When the stresses of life overtake your time and attention, create a “positive-emotion portfolio” as an active approach to boost your mood.
- Choose an emotion you’d like to feel more in your life, such as gratitude, joy, serenity, curiosity, pride, awe, hope, humor, inspiration, optimism, confidence, or love.
- Next, create a playlist of songs or a collection of pictures, videos, letters, or poems to help you feel the emotion you want to boost. Store them in a folder on your computer or phone, or make a scrapbook or an idea board.
- For one week, practice an 8- to 15-minute daily ritual of reviewing your positive-emotion portfolio.
- At the end of the week, reflect on what worked and what didn’t. Adjust and add new items to your portfolio or try HPRC’s gratitude calendar.
Use your positive-emotion portfolio as often or as long as you want, reflect on it daily, any time you need a pick-me-up, or when you just want to experience a positive feeling. You can create portfolios for other emotions you want to experience more. This is a great activity to do with your family.
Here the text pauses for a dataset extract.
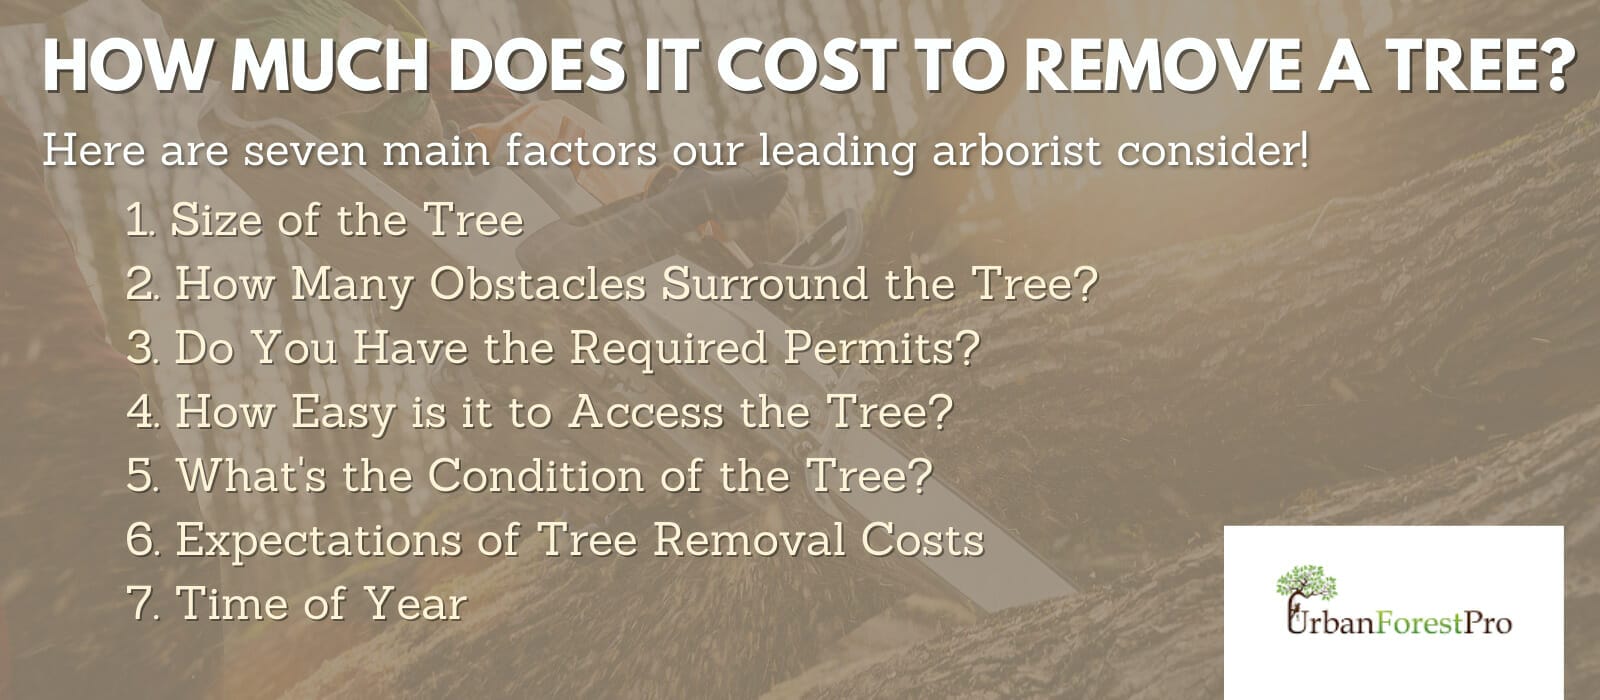 Urban Forest Pro Average Cost of Tree Removal Portland OR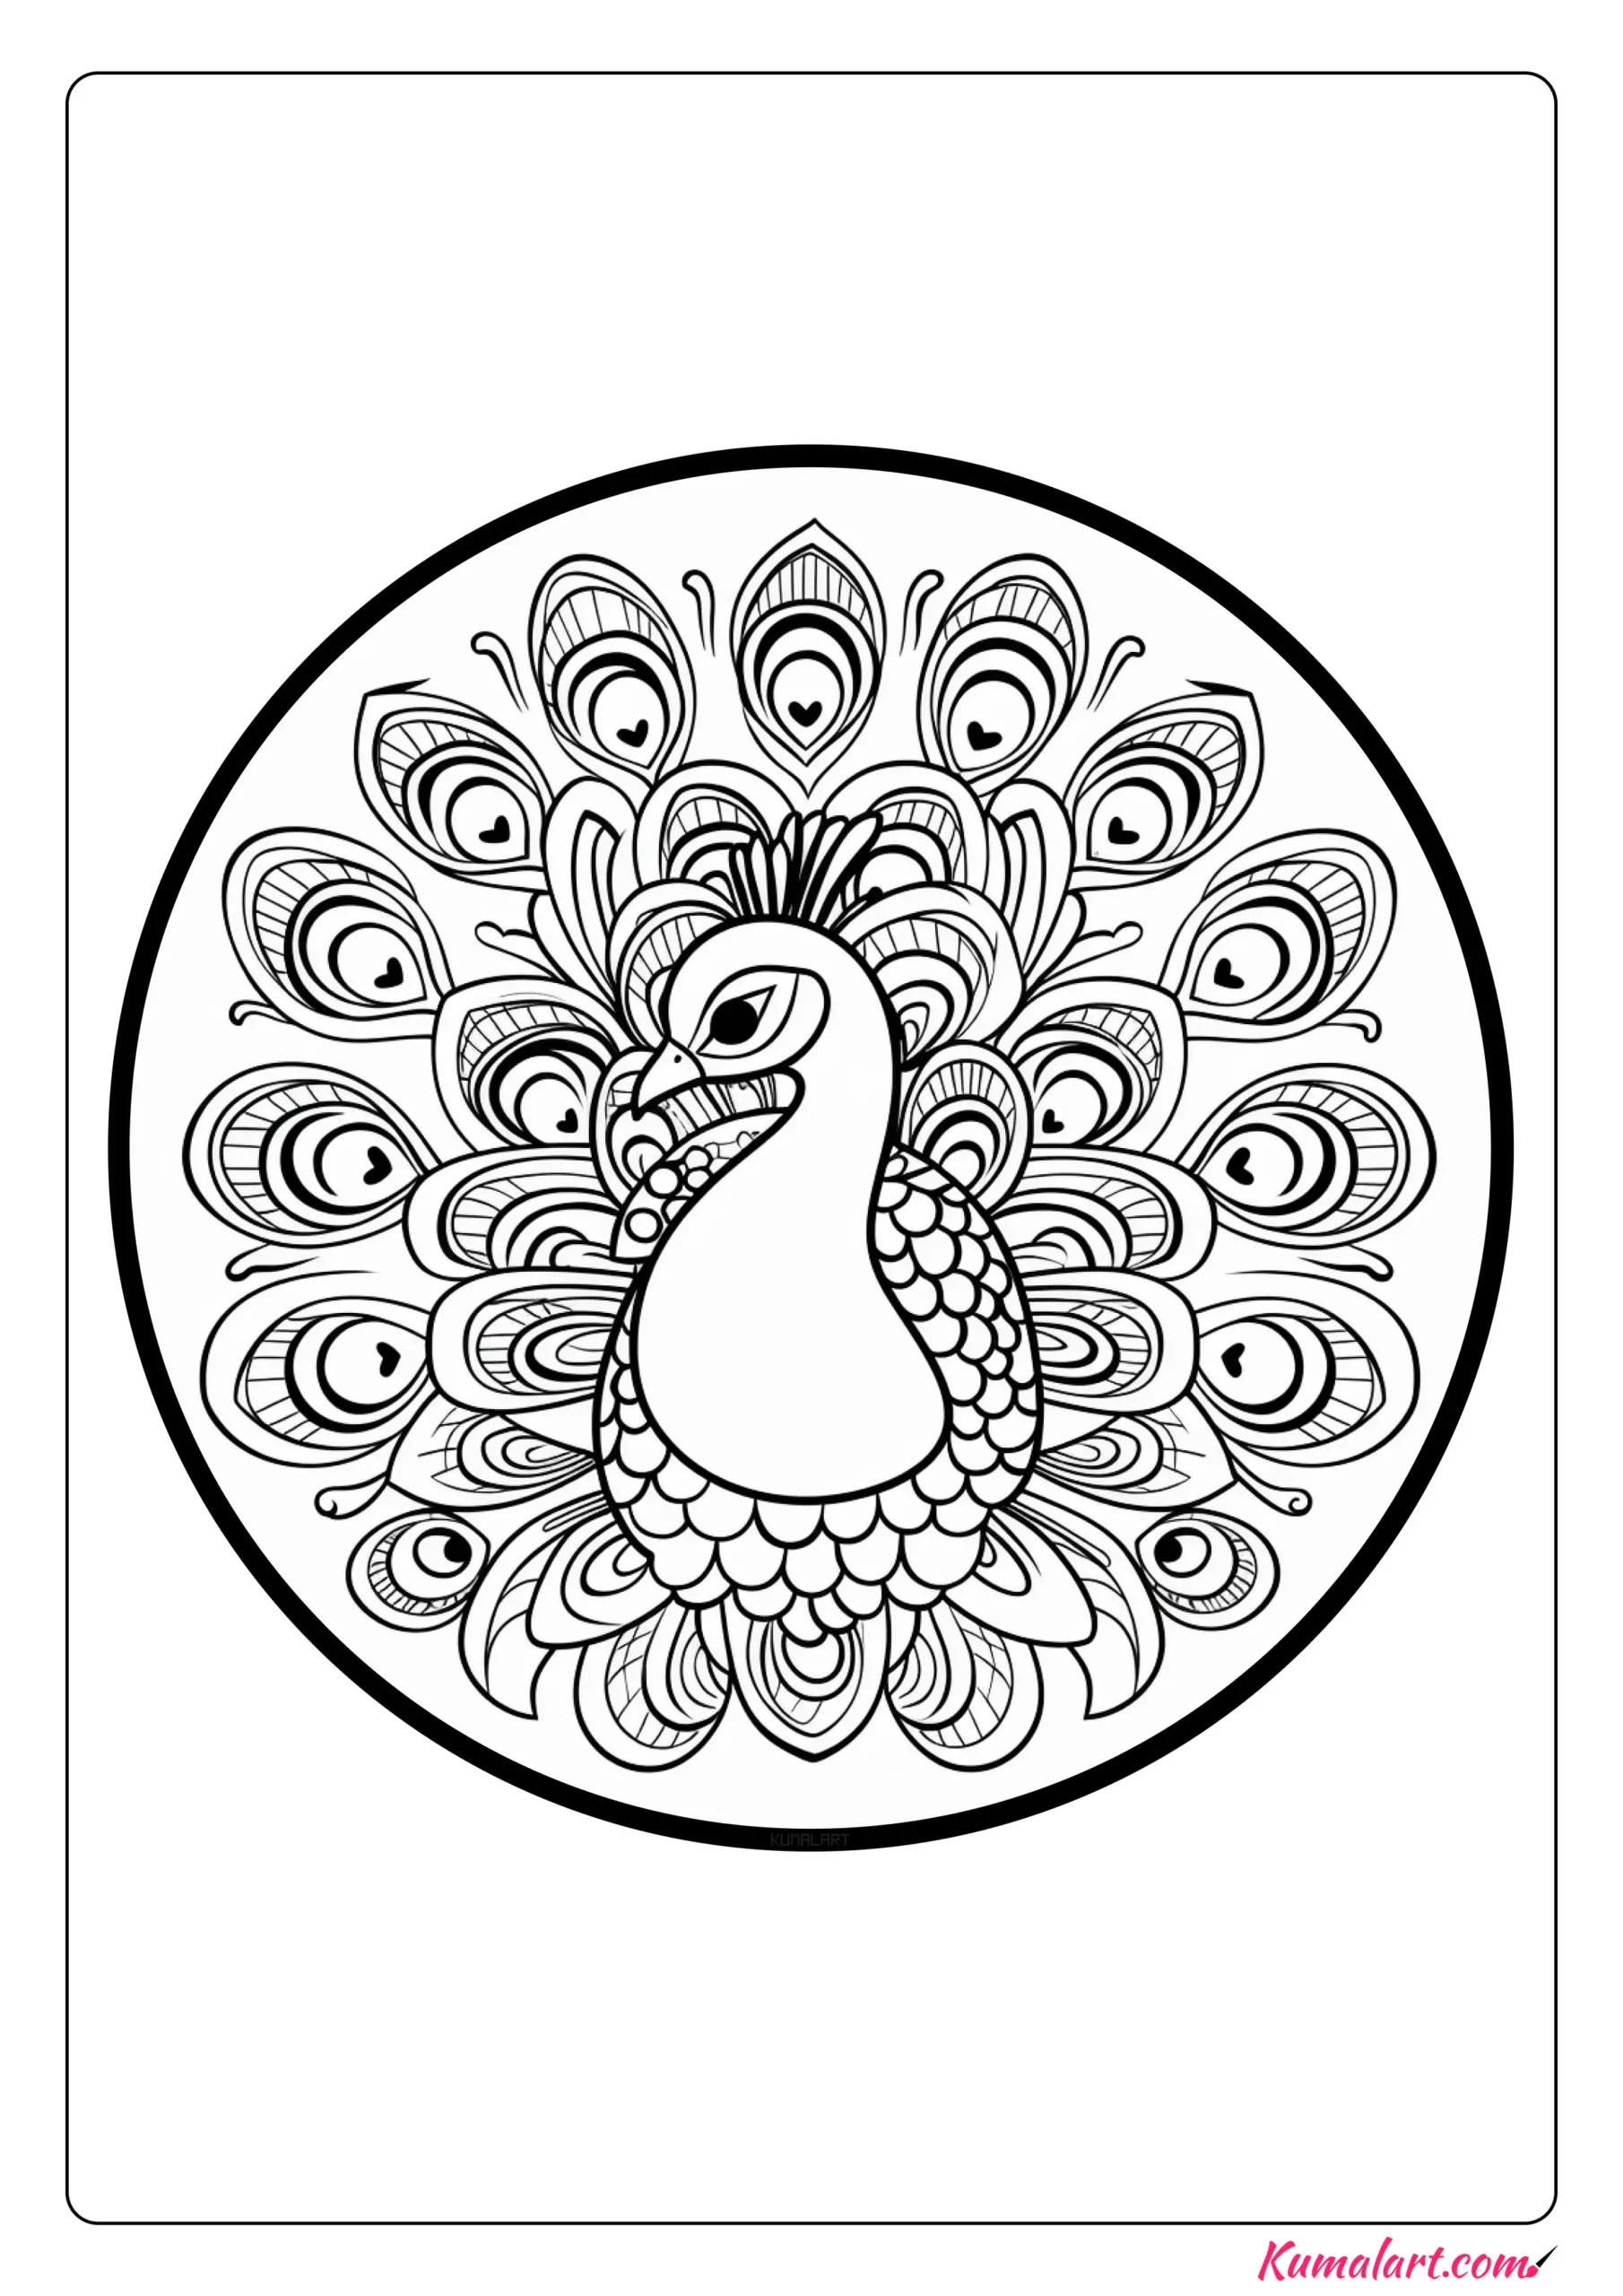 Alice the Peacock Mandala Coloring Page

Strategy 2: Amplify positive emotions with others.
Positive emotions and relationships have an important connection. People are a great source of positive emotions, and experiencing positive emotions with others is crucial to having a healthy relationship. Therefore, it’s important to make the most of sharing positive emotions with others to reach that 5:1 ratio. Unfortunately, you might stifle these opportunities without even knowing it.
When someone shares a positive emotional experience with you, there are different ways you might respond —positively or negatively. The first page of the handout below explains the 4 different ways you might respond. One of these—Active Constructive Responding (ACR)—can magnify the positive emotion the person shared with you. It also boosts your own overall well-being and reduces conflict. But when stress is high, you’re more likely to fall into one of the 3 other patterns that stifles the positive emotion—which can damage your relationship over time.
On the 2nd page of the handout is a worksheet to evaluate how you tend to react to those who mean the most to you. Use the worksheet to self-reflect if you’re optimizing your experience of positive emotions with others.
Finally, notice any trends. Are there certain situations or events that make it difficult for you to practice ACR? Write down what gets in your way and identify how you can practice ACR to build your relationships with others.